- _INFORMATION SUPPLIED_
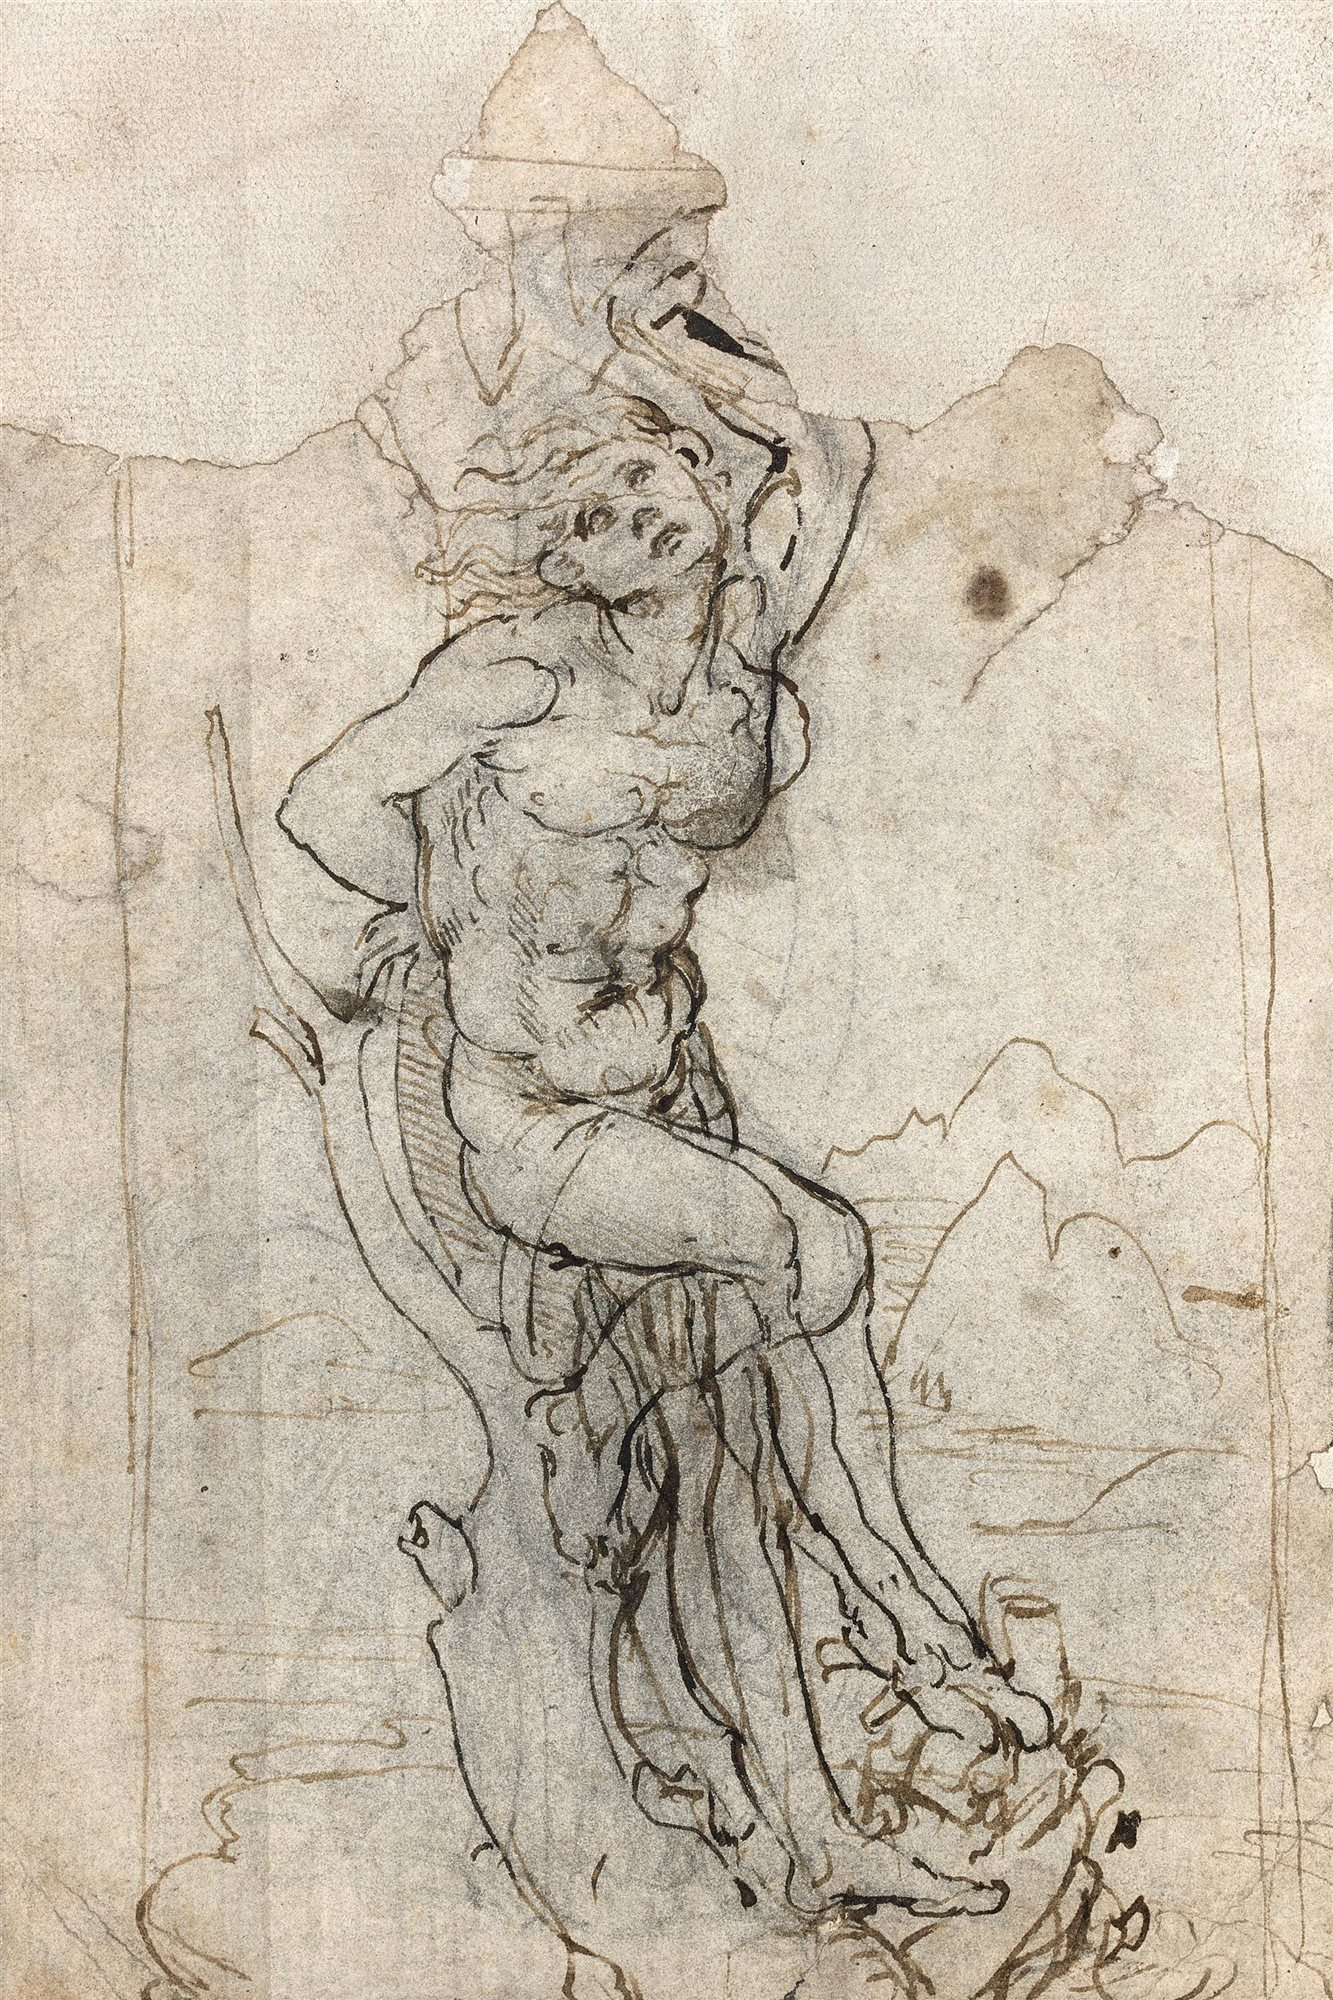 Una casa de subastas francesa descubre un dibujo de Leonardo da Vinci
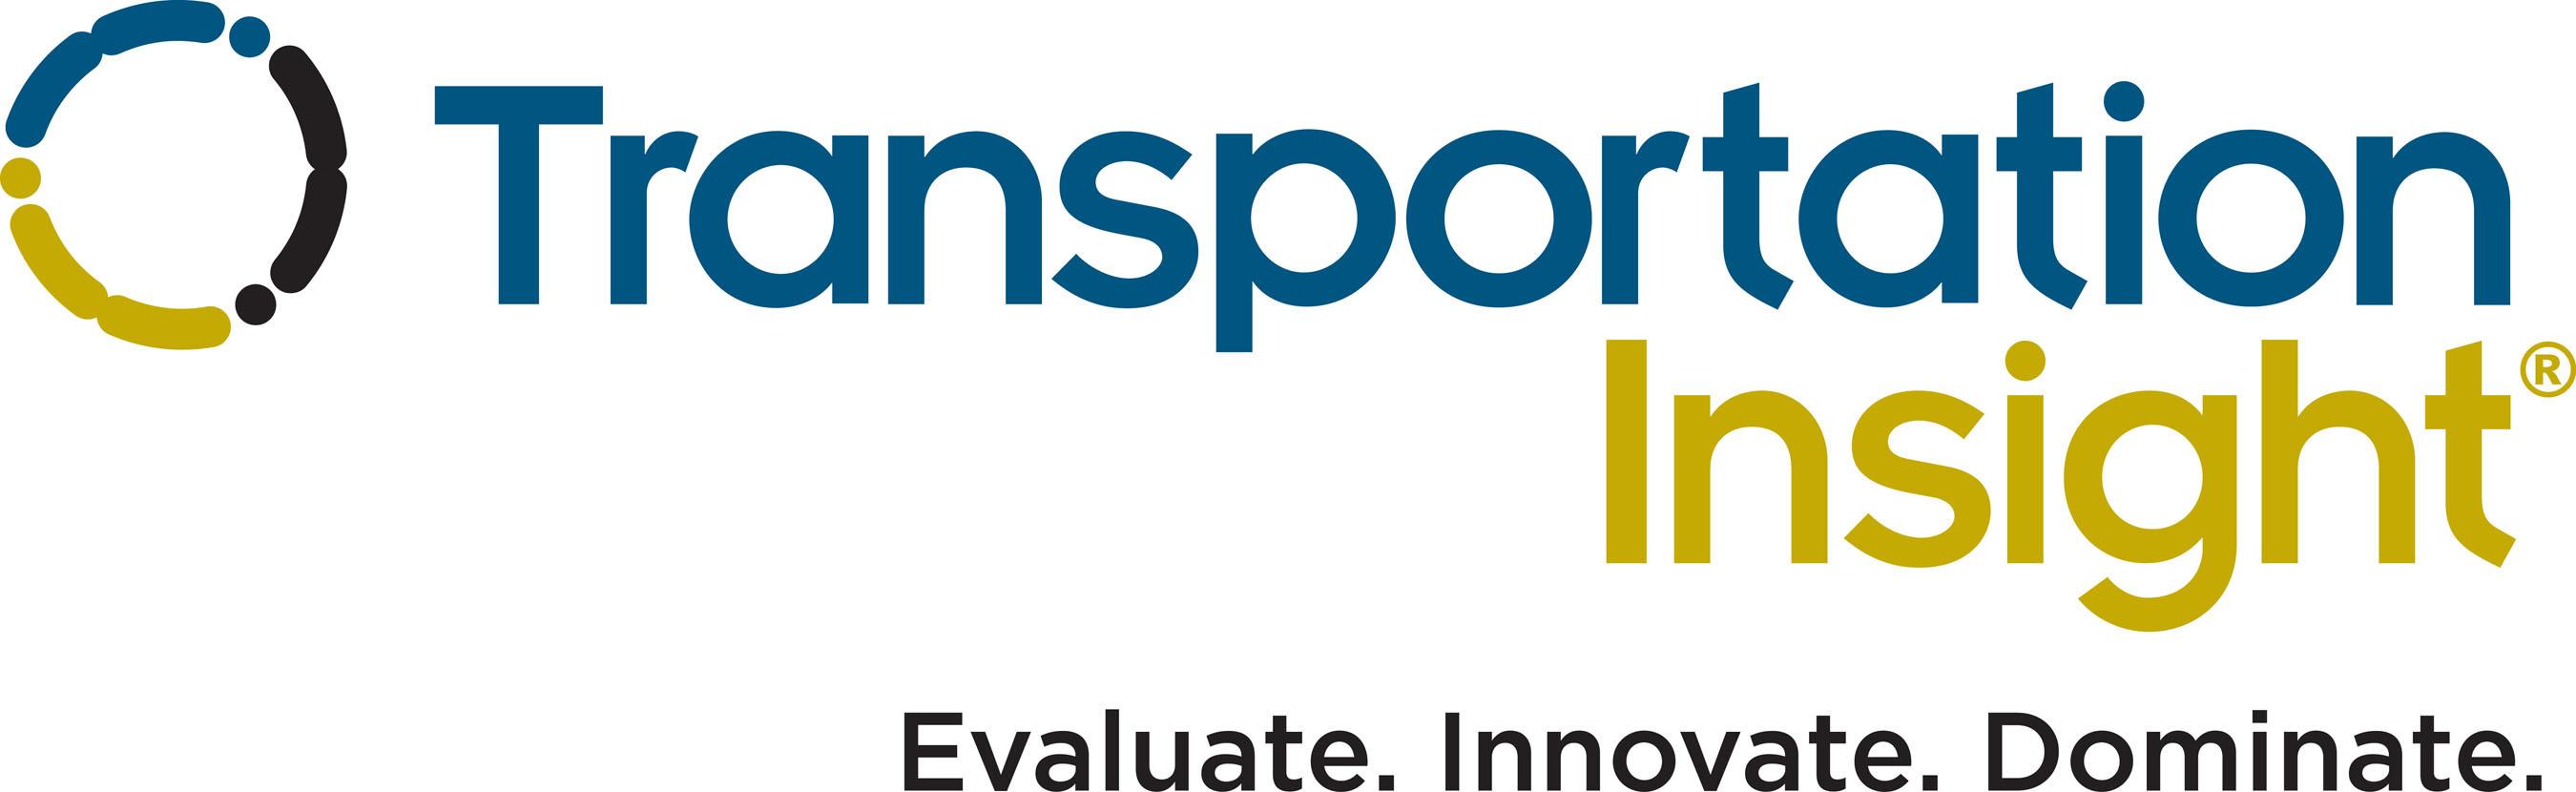 Transportation Insight: Evaluate. Innovate. Dominate.
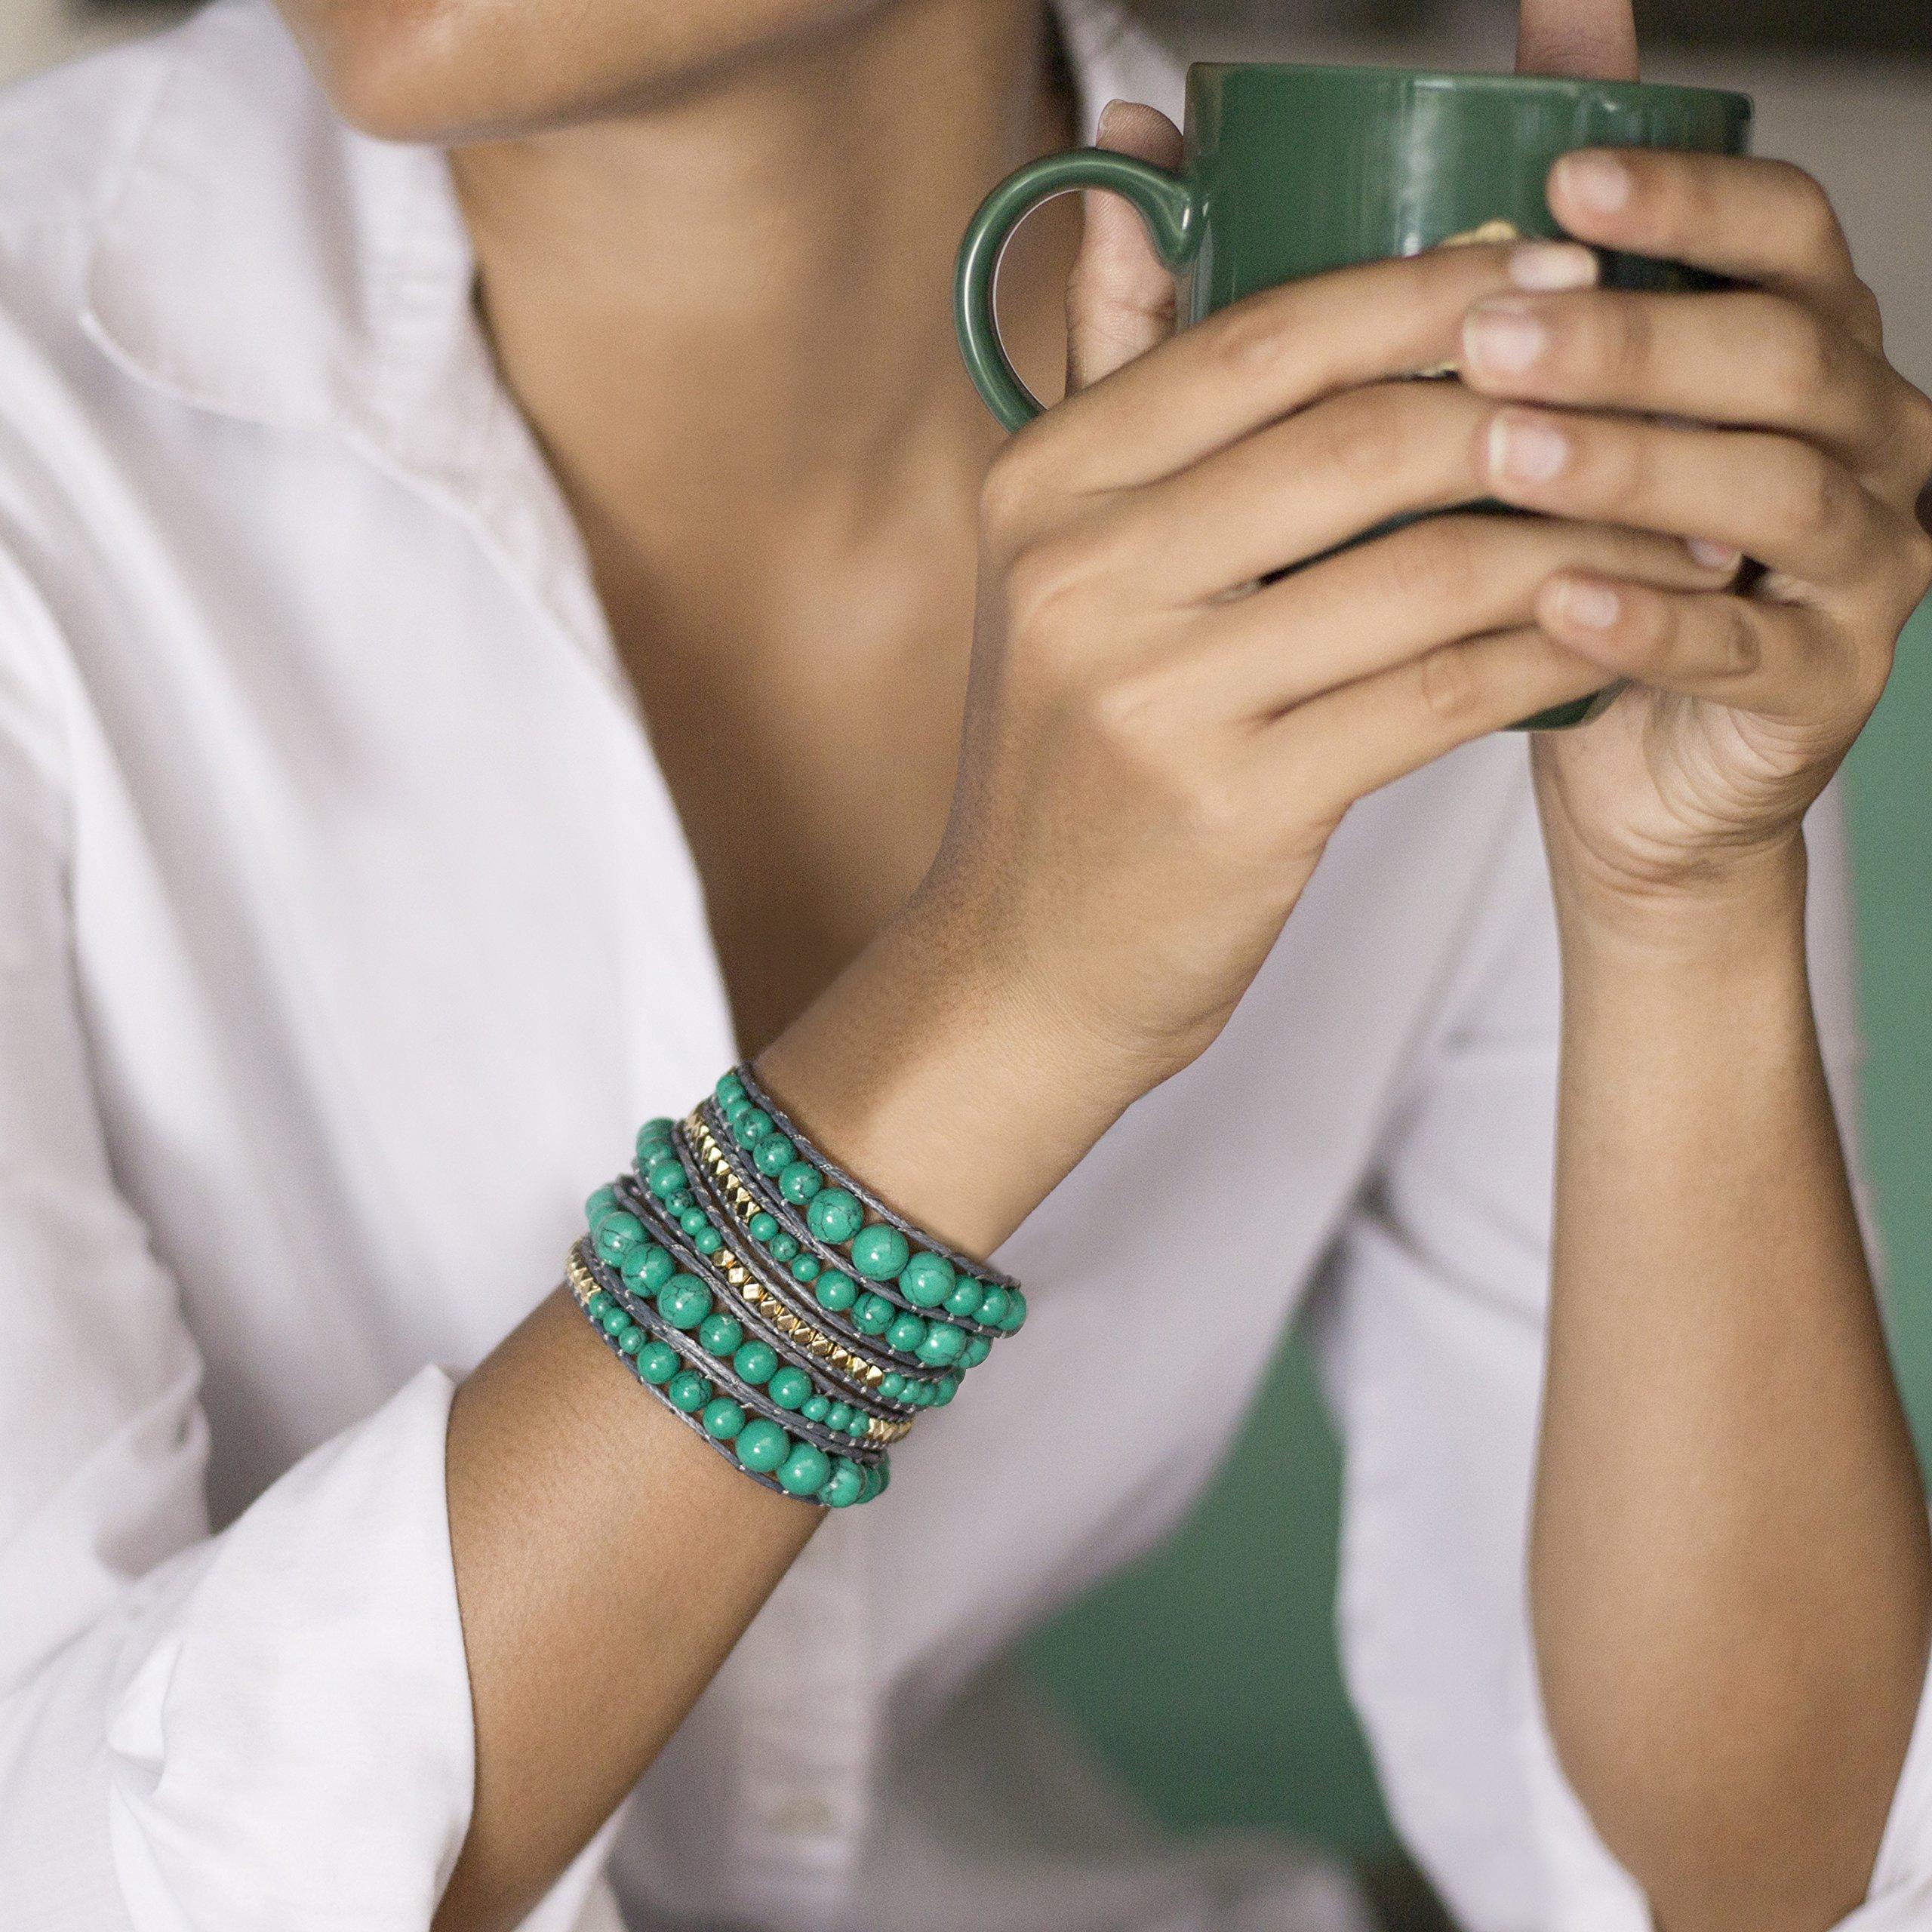 Genuine Stones 5 Wrap Bracelet - Bangle Cuff Rope With Beads - Unisex - Free Size Adjustable (Turquoise) by Sun Life Style (Image #2)

- _AIM OF THE TASK_
Write each line exactly as it appears, from the line that holds "Transportation Insight: Evaluate." through the closing line of the data above, and leave every picture out.

- _EXPECTED ANSWER_
 Transportation Insight: Evaluate. Innovate. Dominate.
 Genuine Stones 5 Wrap Bracelet - Bangle Cuff Rope With Beads - Unisex - Free Size Adjustable (Turquoise) by Sun Life Style (Image #2)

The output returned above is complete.